Now based on that theorem, here's a simple proof of the dominant strategy theorem, inspired by a very short proof (with attributions to Alex Teytelboym and Ravi Jagadeesan) in Nick Arnosti's recent blog post A Short Proof of the Truthfulness of DA by Nick Arnosti 2023/10/01
Here's the theorem to be proved:
Dominant Strategy Theorem (Dubins and Freedman, Roth): In the M-optimal stable mechanism for the marriage problem (e.g. when the man-proposing deferred acceptance algorithm is used, which produces the most favorable stable matching for every man) it is a dominant strategy for each man i to state a preference list corresponding to his true preferences ≻.

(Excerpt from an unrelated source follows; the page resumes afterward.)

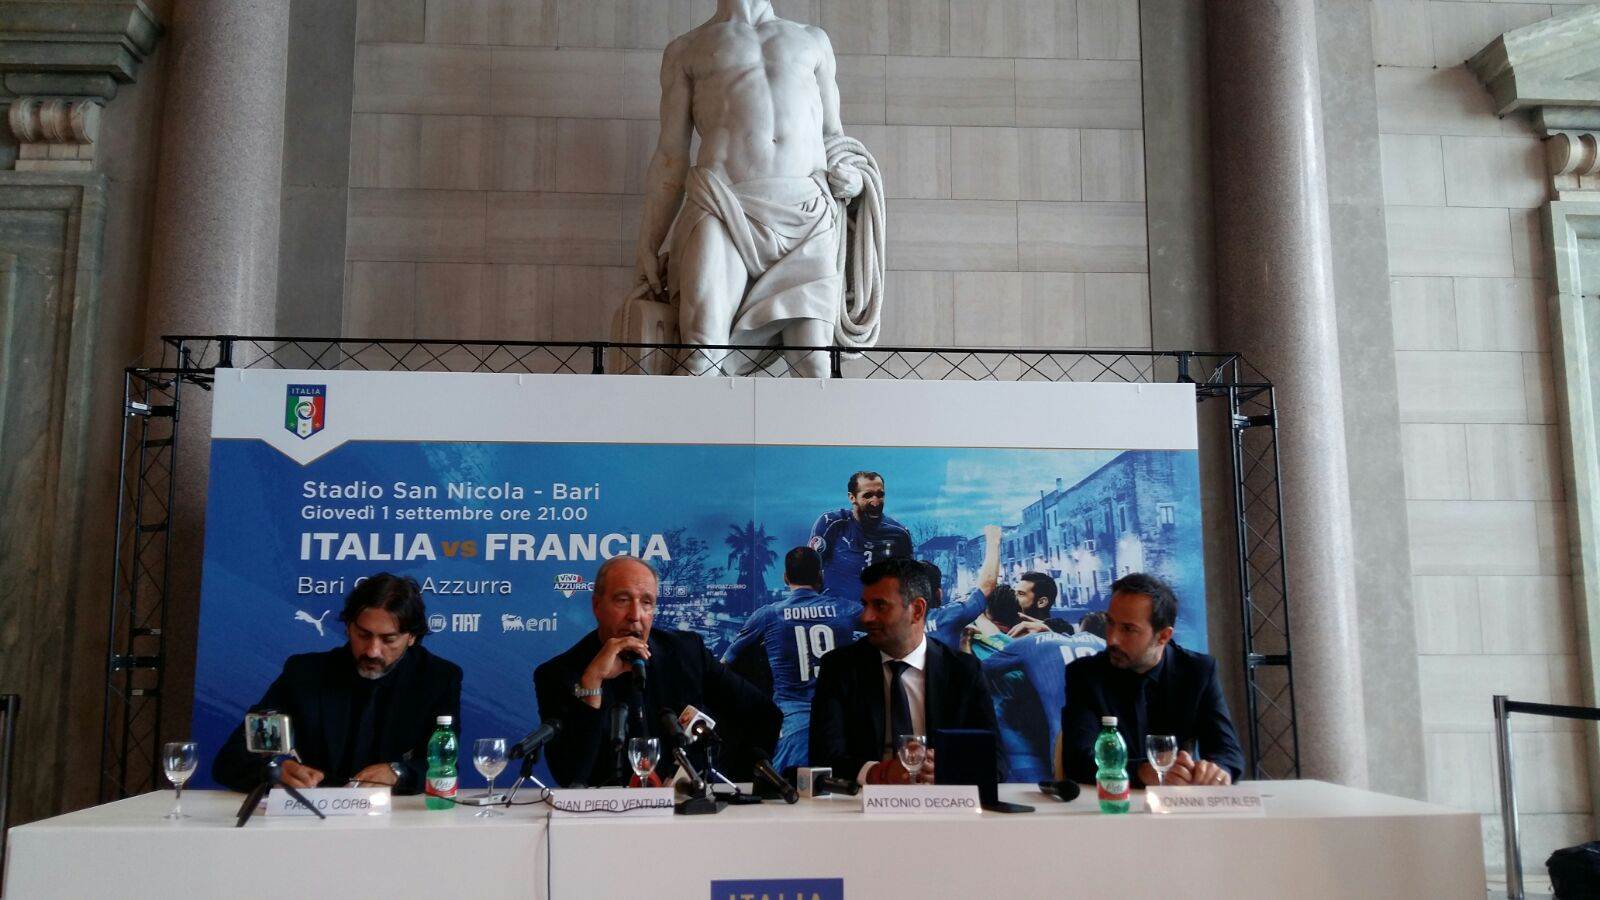 La conferenza stampa di presentazione di Italia - Francia

Notation: for any preference ≻′ of player i, an outcome is ≻′-stable if it is stable when i reports ≻′ and everyone else's preferences remain constant.
Proof (following Arnosti)
Suppose that the theorem is false. That is, suppose there exist preferences for all other agents such that when i reports ≻, the resulting ≻-stable matching μ gives μ(i)=w, and when i reports ≻′ ≠ ≻, the resulting ≻′-stable matching μ′ gives μ′(i)=w′≻w. (Note that the final comparison is ≻, i.e. take ≻ to be i's true preference list.)
Consider the market in which i lists w′ as the only acceptable woman (and everyone else's preferences remain fixed). We'll see that this will lead to a contradiction with the constant employment theorem, by implying that there must exist a {w'}-stable matching in which i matches to w′, and another {w'}-stable matching in which i is unmatched.
1. The matching μ′ assigns i to w′. Because it is ≻′-stable, it must also be {w′}-stable: the only difference between ≻′ and {w'} is that we have removed women from i’s list, which clearly does not create any new blocking pairs.
Note: this step uses only the definition of stability.
2. Let ≻′′ be the deviation in which i truncates ≻ below w′ (i leaves everyone below w′ off of his list), and let μ′′ be the resulting matching.
a. The matching μ′′ leaves i unassigned. This follows from the fact that, if it matched i, then μ″ would be ≻-stable, since ≻ differs from ≻'' only in that it restores the truncated elements of i's preference, which would be below i's match and hence not introduce any new blocking pairs (since it wouldn't change i's match). But μ″ can't be ≻-stable, because w is i’s best ≻-stable partner by assumption, and is worse than all women listed in ≻′′.*
Note: this step uses the definition of stability and fact that μ is optimal for i.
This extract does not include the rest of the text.